David was buried in Ashtabula, in the same cemetery as his parents and grandparents were interred. More than a hundred people attended the service. Eric gave a moving eulogy on how hard it was to finally let his father go, and how his dad only slipped away after he and Susan gave him permission to do so.

I’ve heard palliative care and hospice nurses refer to the transition stage of death, similar to the transition stage of birth, usually the point at which a woman declares, “GET THIS BABY OUT!!!!” in no uncertain terms. The path to dying can be equally treacherous, equally painful. Having your children reassure you that you don’t have to worry about them, that they will be okay without you, can make that journey more bearable.

At the unveiling of the gravestone, weeks later, Susan stuck a small Indians flag in the ground by his grave, along with a “We’re #1!” Indians foam finger. His was not the only plot in the cemetery with those memorabilia.

Older adults with AML are probably the most challenging group of patients to treat, in large part because the biology and genetics of their cancers is even more complex than that in younger adults. Consequently, “one size fits all” treatment approaches are least likely to work, particularly as older patients tend not to have the “good risk” types of leukemia (as fraught with irony as that term is). Joan’s acute promyelocytic leukemia is an example.

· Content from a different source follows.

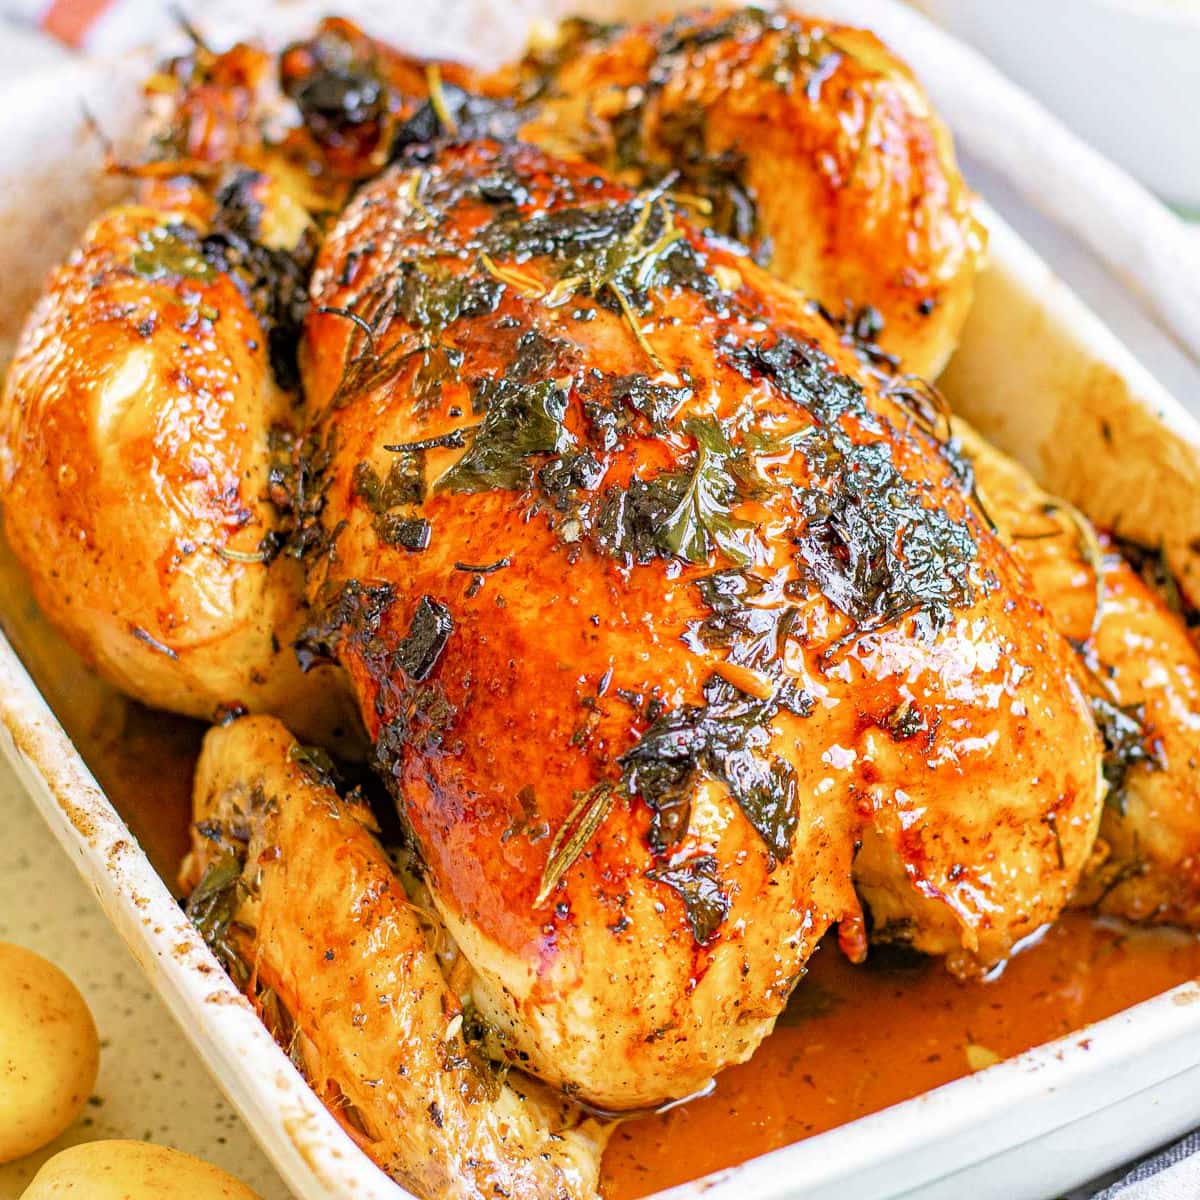 Resep Masakan Olahan Ayam: Panduan Lengkap untuk Sajian Lezat
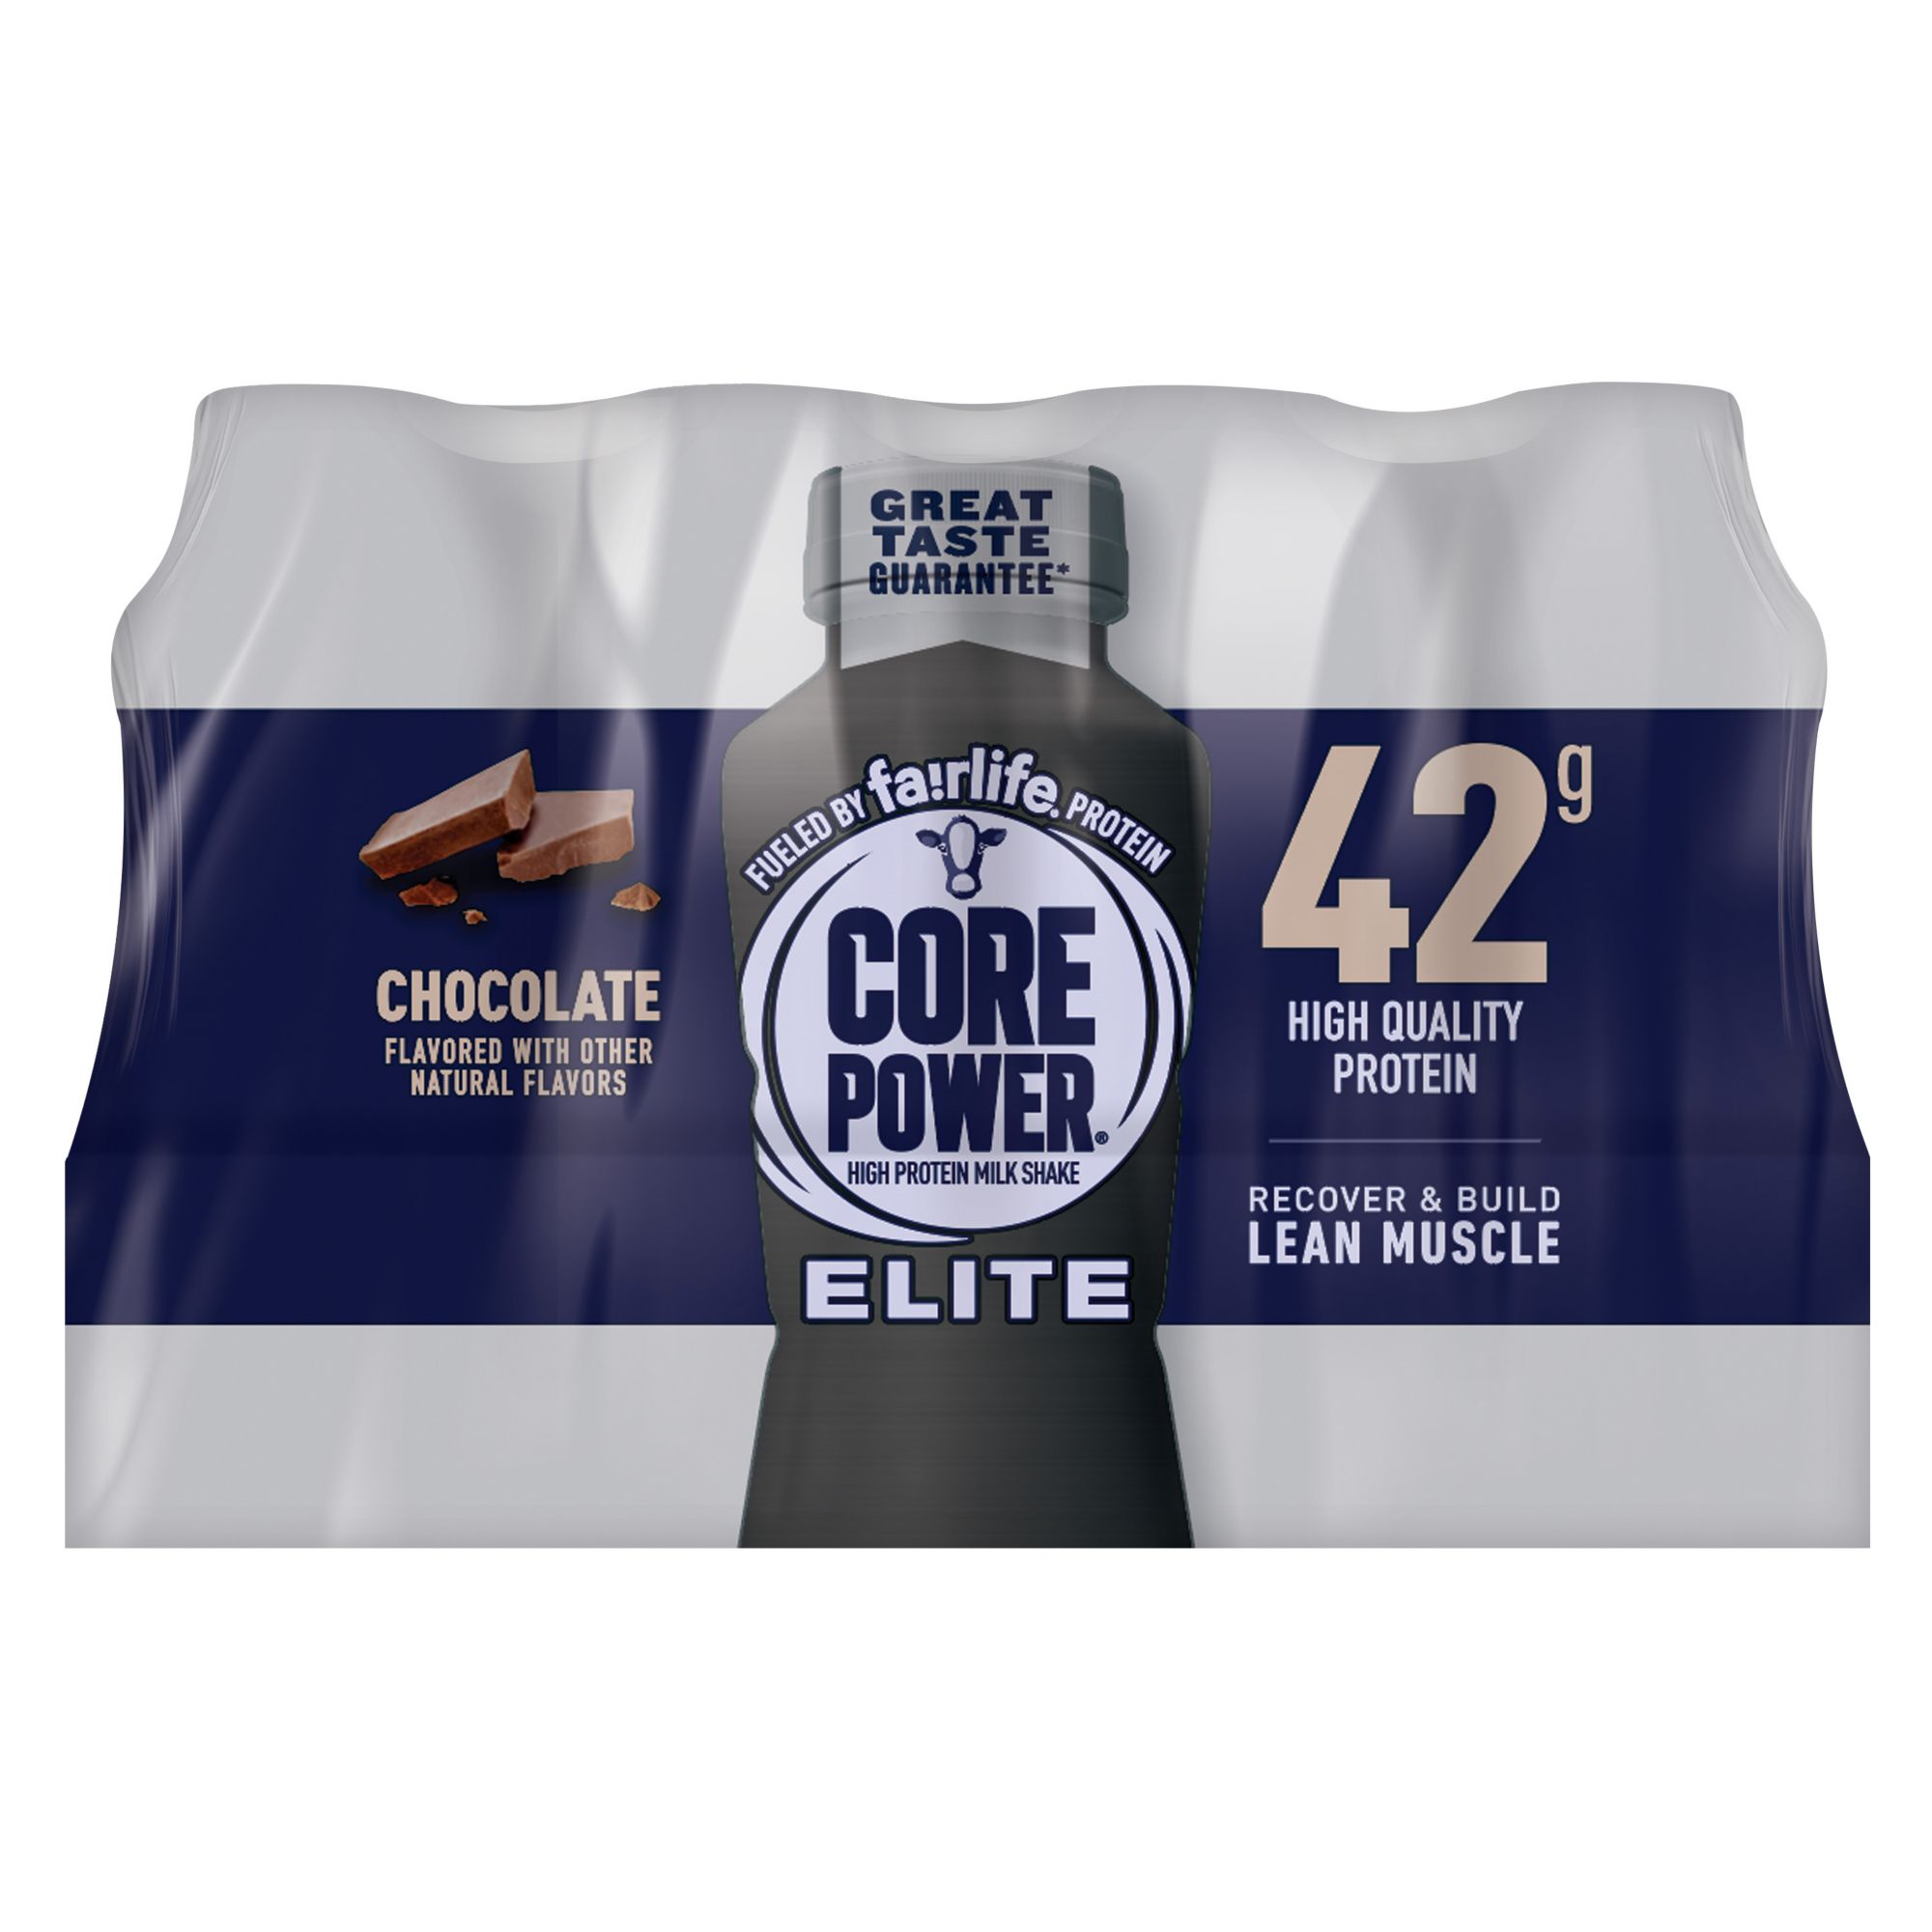 Core Power Elite Chocolate, 8 ct./14 oz.

But what if we could identify which of these patients would benefit from more intensive therapy, and which from less intensive, outpatient therapy, at the time of their diagnosis? One approach to doing this lies in the power of computers to analyze pathologic, clinical, and genetic data using what’s called “machine learning” or “artificial intelligence (AI)” programming.

AI has been used in remarkable ways in medicine in the past few years. One program has gotten so sophisticated at distinguishing cancerous skin lesions (such as melanomas) from benign abnormalities that it can outperform dermatologists.7 Similar pattern recognition software is being applied to bone marrow samples to determine if machines are better at diagnosing myelodysplastic syndromes or leukemias than pathologists, or if machines can assist pathologists in making diagnoses. It’s hard for me to believe any machine can outperform Karl, but this is admittedly an engrained, immutable bias of mine.

AI has already been used in assessing prognosis in myelodysplastic syndrome and has outperformed other prognostic schemas, given its ability to be applied at multiple time points in a patient’s disease course.8 In the same disease, it can predict which patients are likely to get better when treated with a particular chemotherapy, and which have cancers resistant to that chemo. If only we had known that prior to starting David on a weeks-long hospital course that was unsuccessful.

Outcomes in leukemia also should be placed in context of where we are now, two decades into the new millennium, and where we’ve been. In 1975, all comers with leukemia, including those with both chronic and acute varieties, had a 33 percent chance of being alive five years after a diagnosis. That survival rate has doubled, to 66 percent. With the rapidity of scientific discoveries and the incorporation of genetics and computer-based approaches accelerating as they have over the past few years, I anticipate those survival rates will increase dramatically during the next decade.

After all, the goal for me and for my clinical and research colleagues is to put ourselves out of a job as quickly as possible.